▶ _Your assignment_: Reproduce from the records below, with no pictures, exactly the lines between the one containing "Эденборо Р. Практическая" and the one containing "Cups (Set of 4)", inclusive.

▶ _Given entries_:
==================================================

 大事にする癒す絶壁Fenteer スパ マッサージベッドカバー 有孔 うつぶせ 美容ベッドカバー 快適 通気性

==================================================

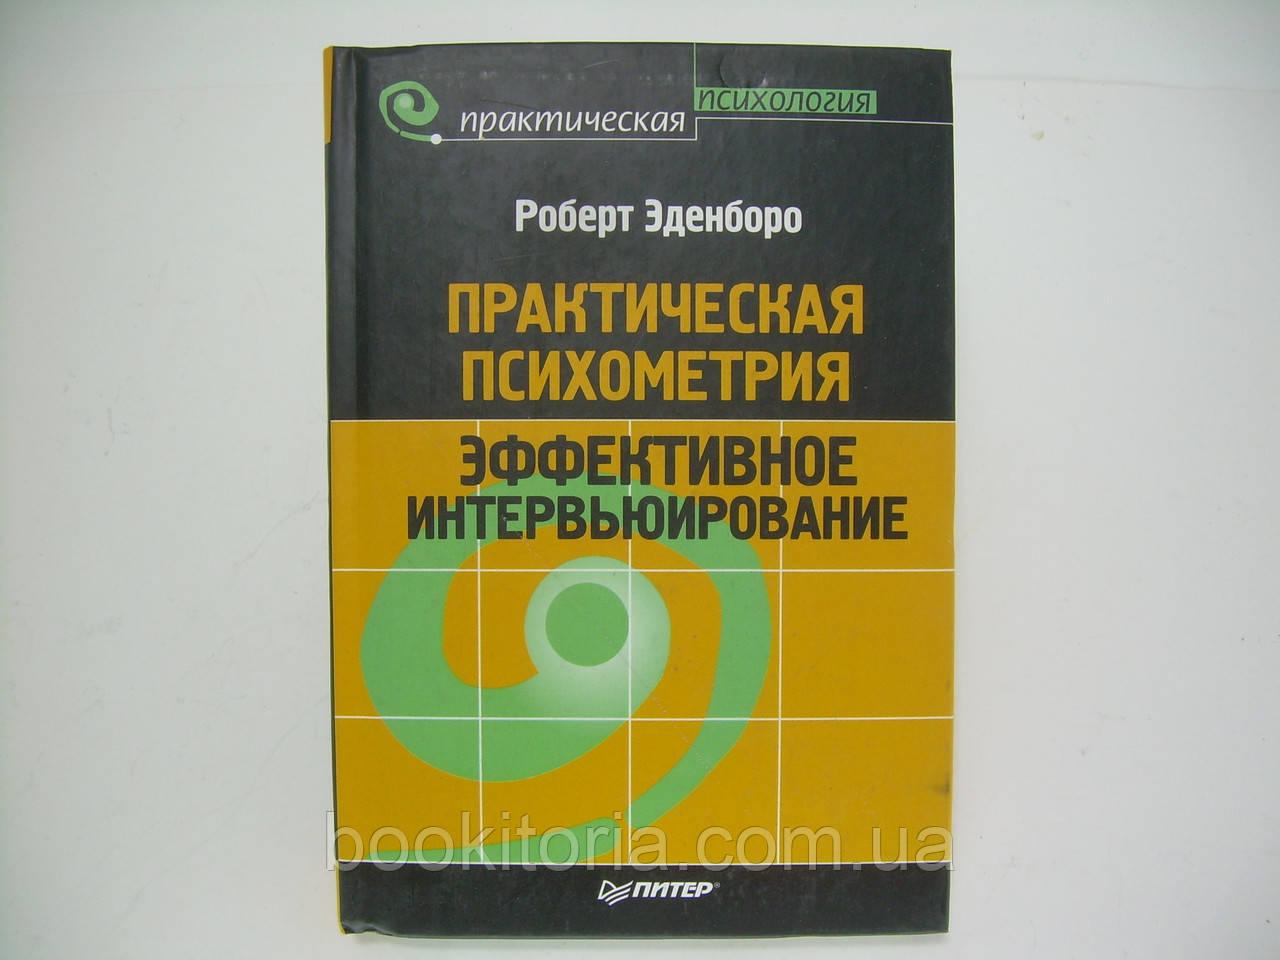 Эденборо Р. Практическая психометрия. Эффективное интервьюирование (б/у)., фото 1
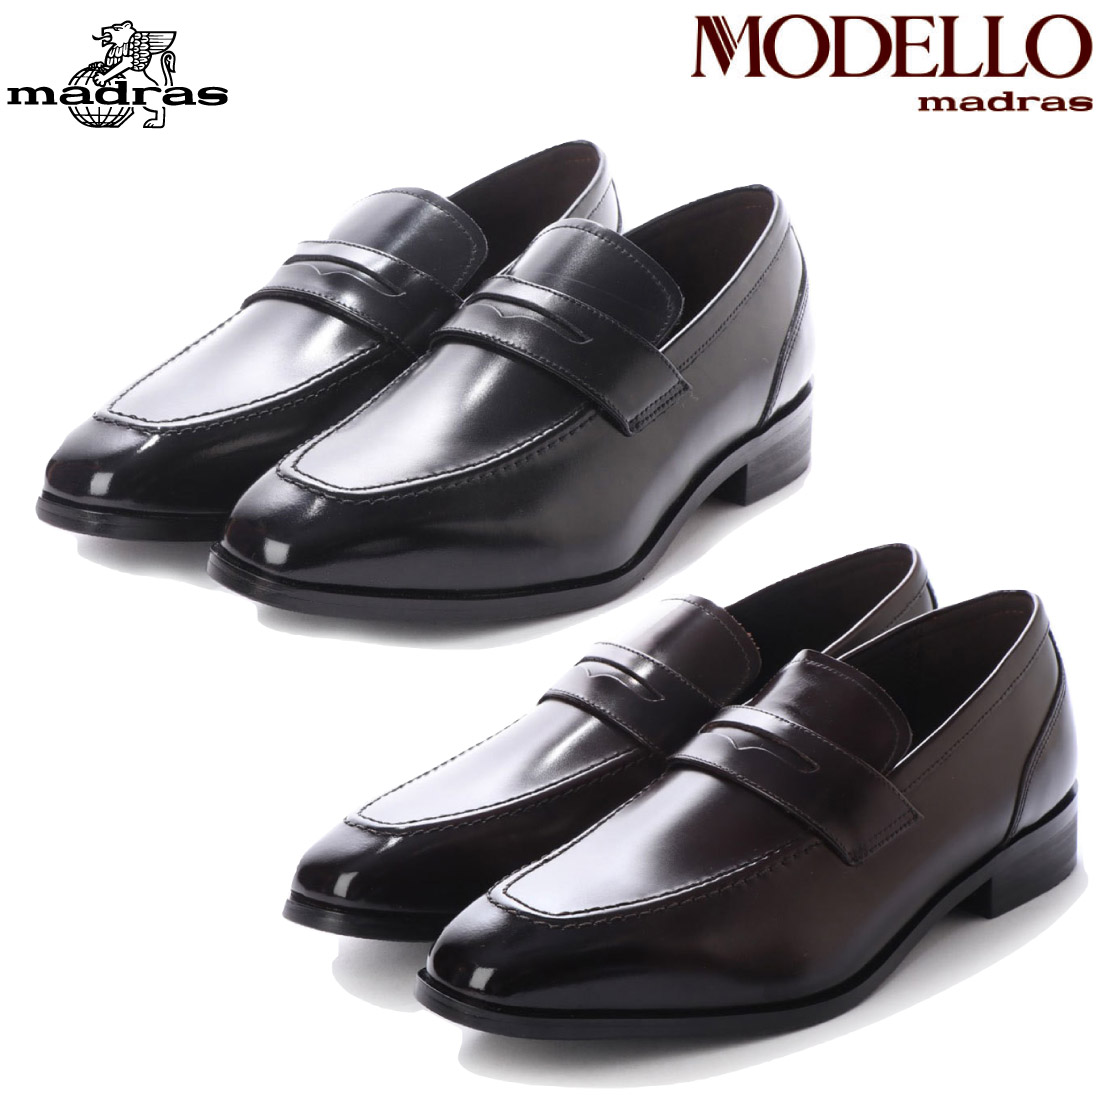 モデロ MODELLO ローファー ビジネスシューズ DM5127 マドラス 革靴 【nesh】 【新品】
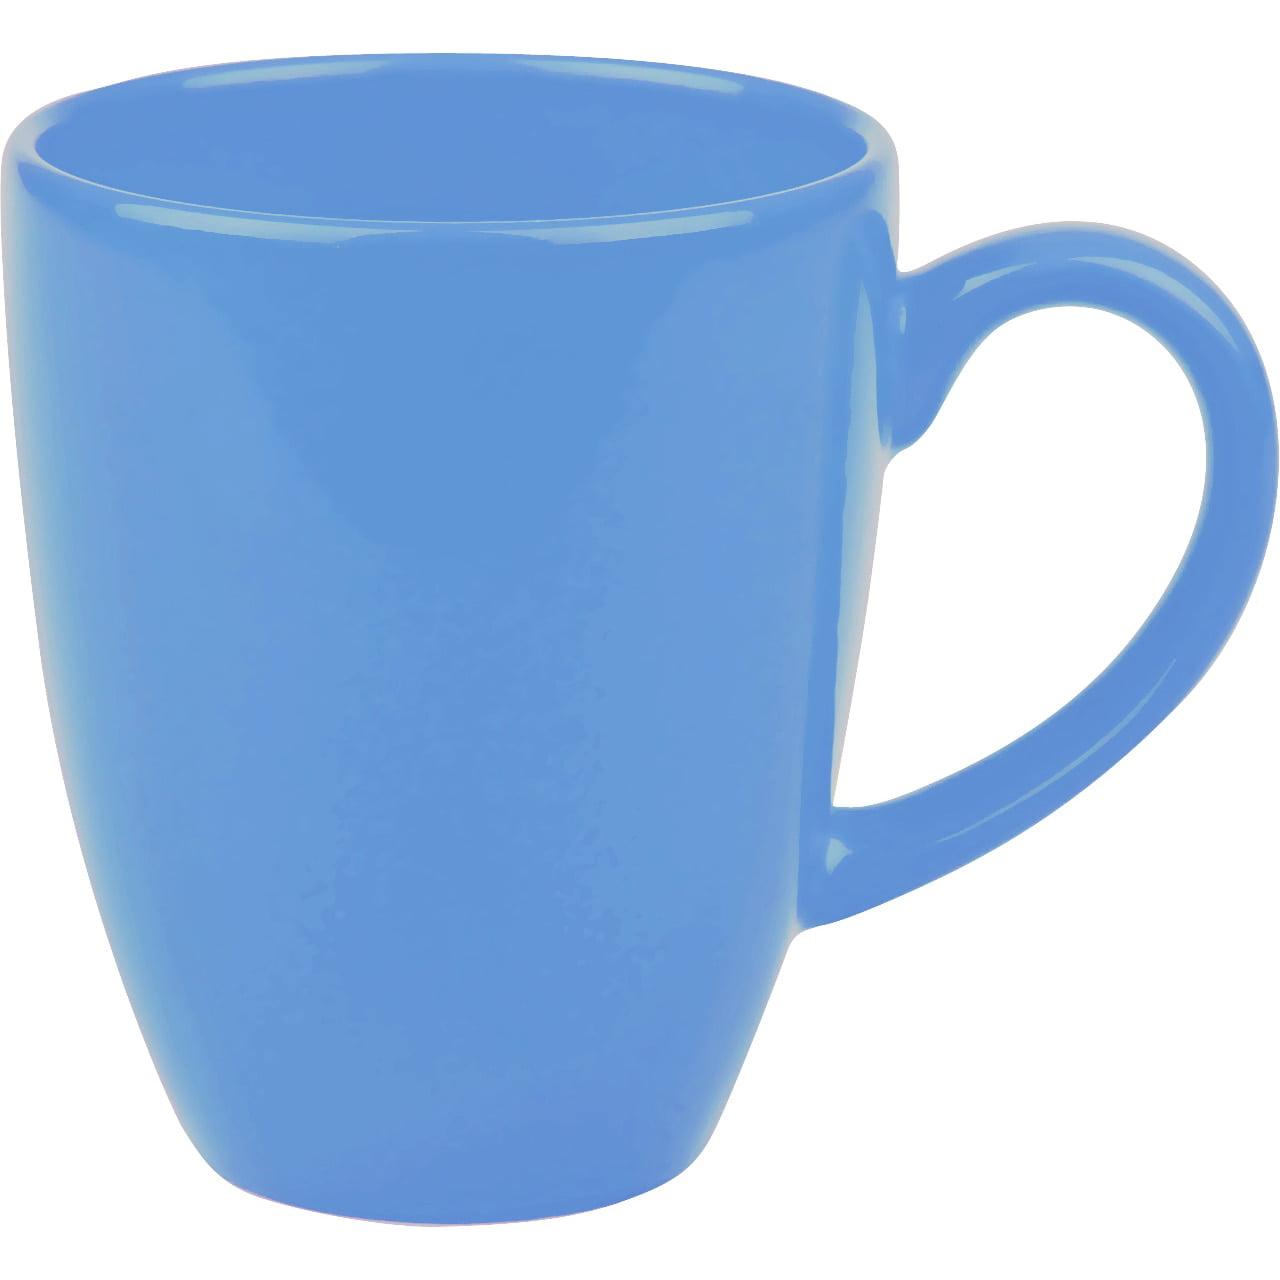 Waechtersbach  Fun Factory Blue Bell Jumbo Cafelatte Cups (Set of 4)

==================================================

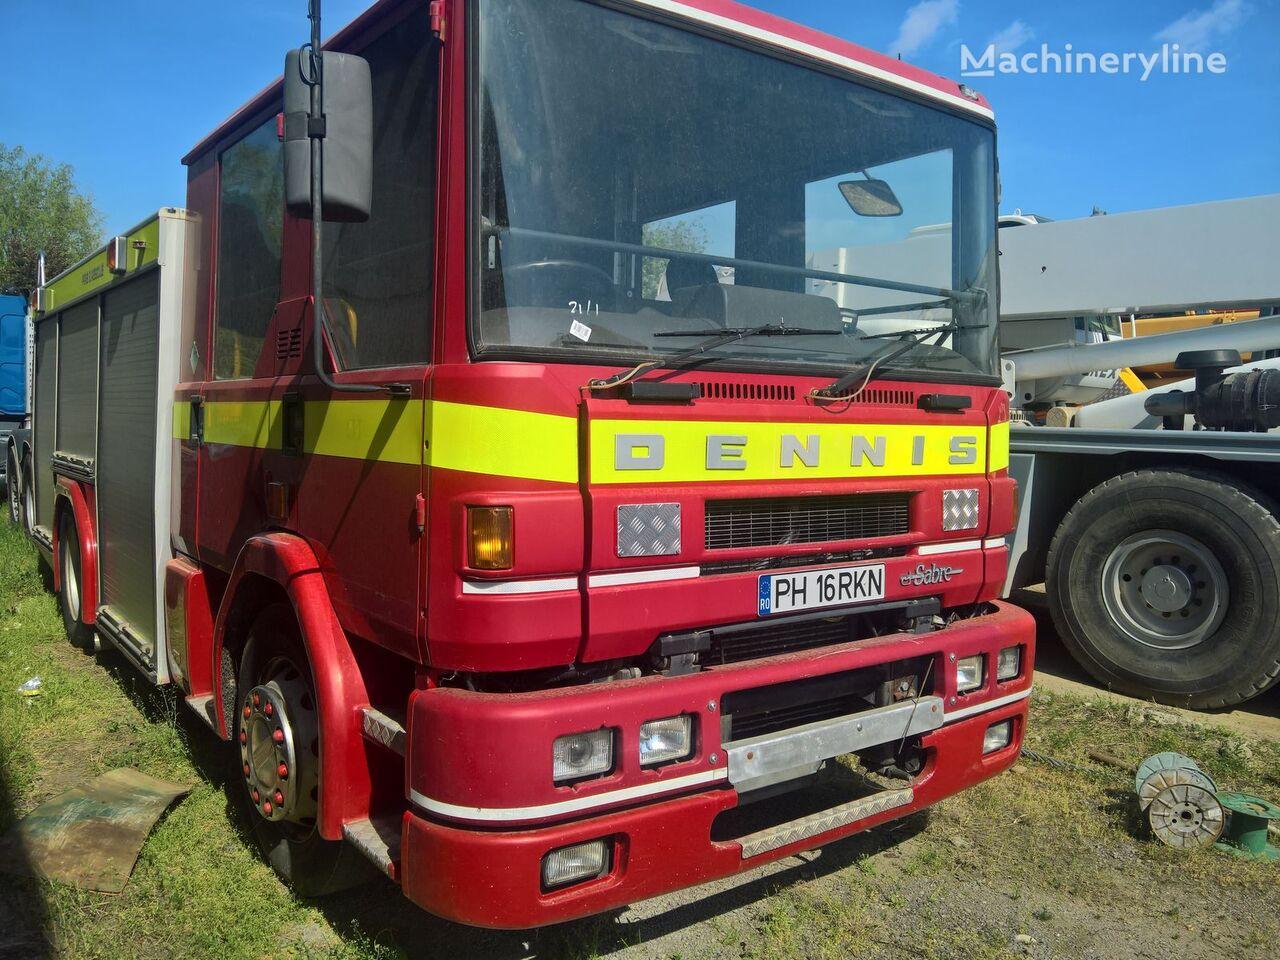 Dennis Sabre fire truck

==================================================

▶ _Answer to the problem_:
 Эденборо Р. Практическая психометрия. Эффективное интервьюирование (б/у)., фото 1
 モデロ MODELLO ローファー ビジネスシューズ DM5127 マドラス 革靴 【nesh】 【新品】
 Waechtersbach  Fun Factory Blue Bell Jumbo Cafelatte Cups (Set of 4)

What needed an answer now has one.